Miércoles 22 de Noviembre de 2017

Aumenta hurto de petróleo en oleoductos de Colombia para elaboración de cocaína

Lloreda: "“Este es un recurso que cuando se extrae y se hurta el crudo, alrededor de 60% o 70% se termina arrojando o derramando perjudicando los ecosistemas "

El presidente ejecutivo de la Asociación Colombiana del Petróleo, Francisco Lloreda, al presentar las conclusiones del III Congreso de esa organización advirtió sobre los problemas de inseguridad que afronta el sector de hidrocarburos de ese país, el cual ya no está vinculado a los ataques de la guerrilla sino por el uso de crudo y combustibles para la elaboración de drogas ilegales.

“Es delicado el hurto de crudo que se destina a producir cocaína, con un agravante perverso: mientras más cultivos de coca hay más petróleo se roban y mientras más crudo roban, más se incentivan los cultivos ilícitos”, dijo Lloreda al leer el documento “Trabajando juntos por un futuro mejor” que recoge los planteamientos de la ACP al gobierno de Juan Manuel Santos.
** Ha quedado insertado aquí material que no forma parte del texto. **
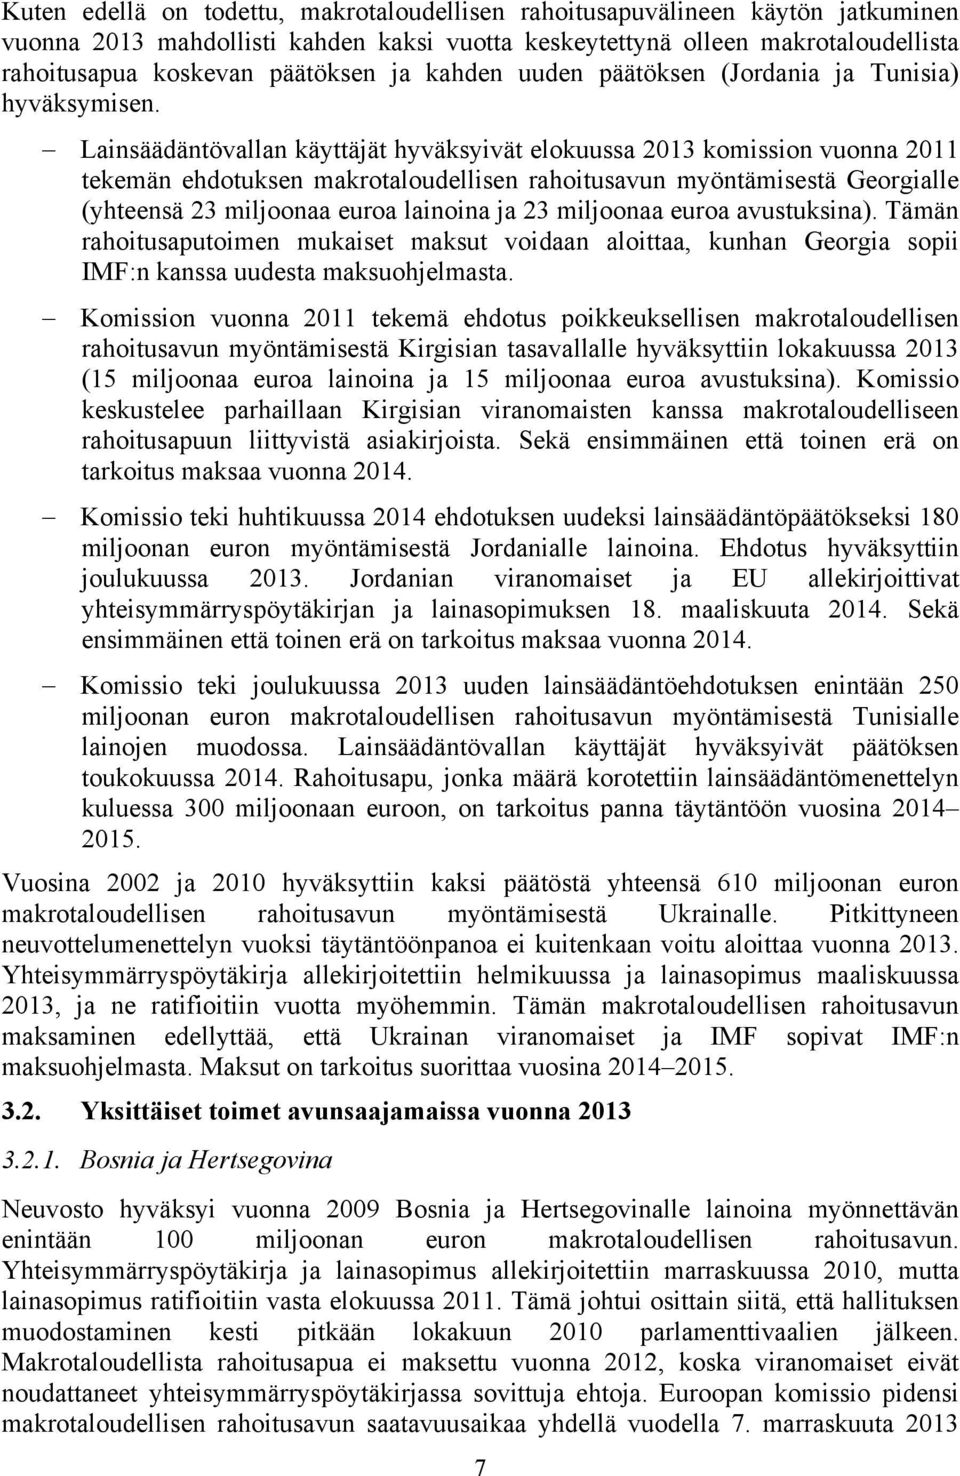 Lainsäädäntövallan käyttäjät hyväksyivät elokuussa 2013 komission vuonna 2011 tekemän ehdotuksen makrotaloudellisen rahoitusavun myöntämisestä Georgialle (yhteensä 23 miljoonaa euroa lainoina ja 23
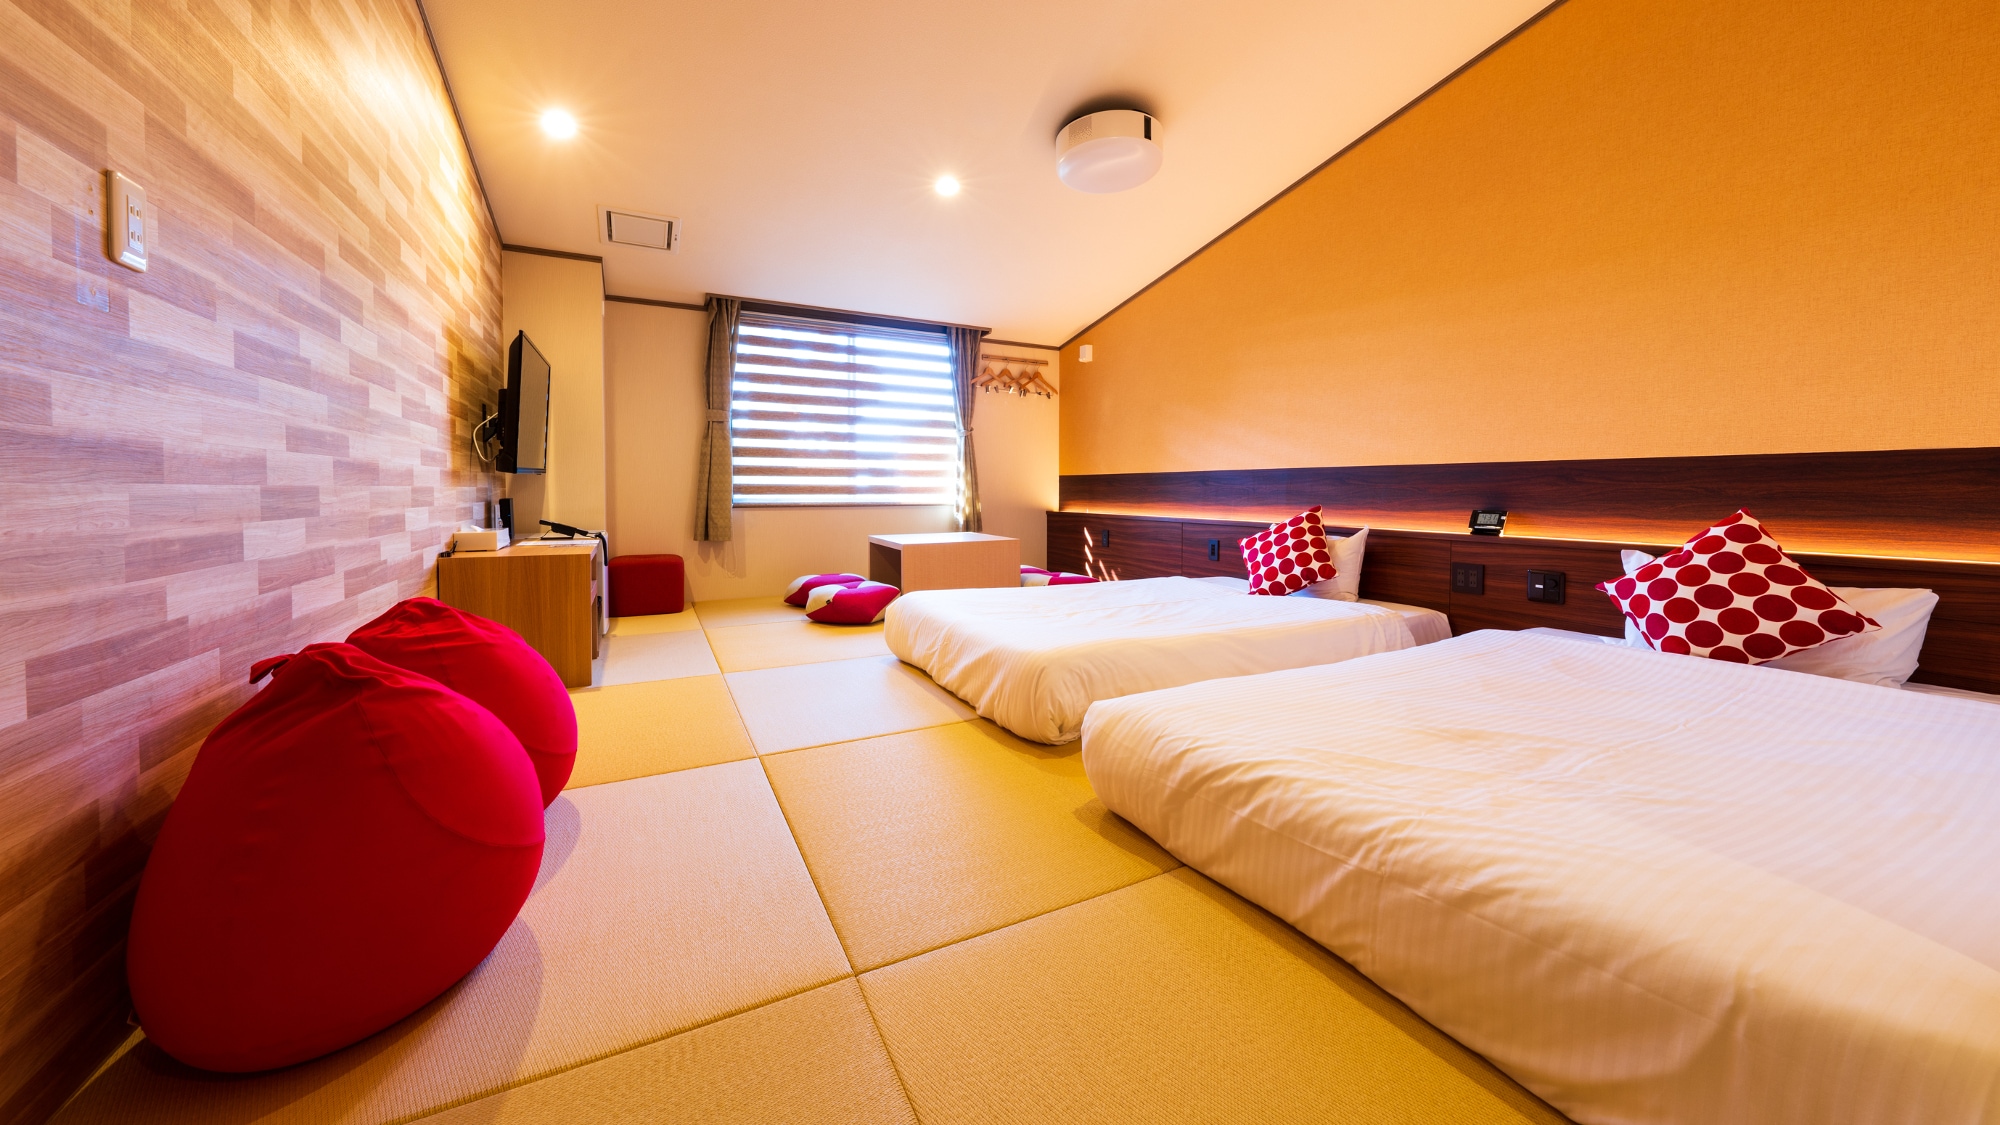 [附楼紧凑的日式房间] 一个简单的日式房间，您可以随意住宿。有了榻榻米，带小孩也可以放心！

El representante de este gremio durante la conferencia posterior a la lectura del documento explicó que la asociación siempre ha hecho este planteamiento porque se trata de uno de los problemas que afronta la industria de hidrocarburos en Colombia.  

“El hurto de crudo se da a través de válvulas ilícitas y lo que ha ocurrido es que esta situación se ha  incrementado porque antes estaba focalizado en uno de los sistemas de oleoductos como es el Trasandino, que comunica desde el Putumayo hasta Tumaco, pero hoy día lo estamos encontrando en otros sistemas”, indicó Lloreda. “Este es un recurso que cuando se extrae y se hurta el crudo, alrededor de 60% o 70% se termina arrojando o derramando perjudicando los ecosistemas y el restante 30% o 40% se destina a un proceso artesanal de refinación para la producción de cocaína. Hay otra que es un crudo mal refinado que termina en carro tanques que llegan a estaciones de servicio”, añadió.

El otro problema vinculado a la seguridad de infraestructura está vinculado con los ataques terroristas que el Ejército de Liberación Nacional (ELN) ha cometido contra instalaciones petroleras, principalmente en el oleoducto Caño Limón-Coveñas, que durante este año suman 45 y eso ha ocasionado que esta instalación haya estado suspendido por 135 días.

Pérdidas para Ecopetrol

A mediados de año, una nota publicada por el diario El Tiempo de Bogotá reseña datos suministrado por Ecopetrol en el cual se indica que esta empresa suma hurtos por un volumen de 875.000 barriles que arrojan pérdidas por el orden de 32.000 millones de pesos, equivalentes a 12 millones de dólares en 830 conductos hechos en los oleoductos Trasandino y Caño Limón Coveñas.

“Entre las bandas que desangran a las petroleras se han detectado empresas falsas. José Julián Tadeo Jaramillo, conocido como el ‘capo de capos’ en el hurto de crudo, era uno de los hombres más buscados en Colombia por ese delito. Tenía bajo su mando a 25 personas que subcontrataban a otros delincuentes para que extrajeran a través ese mecanismo el petróleo que Ecopetrol transportaba por el Magdalena Medio”, indica la nota del diario El Tiempo publicada en su edición del 11 de junio de este año. http://www.eltiempo.com/justicia/delitos/perdidas-de-ecopetrol-por-hurto...

Indica la nota que “el desangre de Ecopetrol también tiene como protagonistas a las redes del narcotráfico”, que ha requerido acciones conjuntas entre la Policía, Fiscalía y la estatal petrolera en dos zonas del territorio colombiano: Catatumbo, en DepartamentoNorte de Santander, y Tumaco, en la región de Nariño.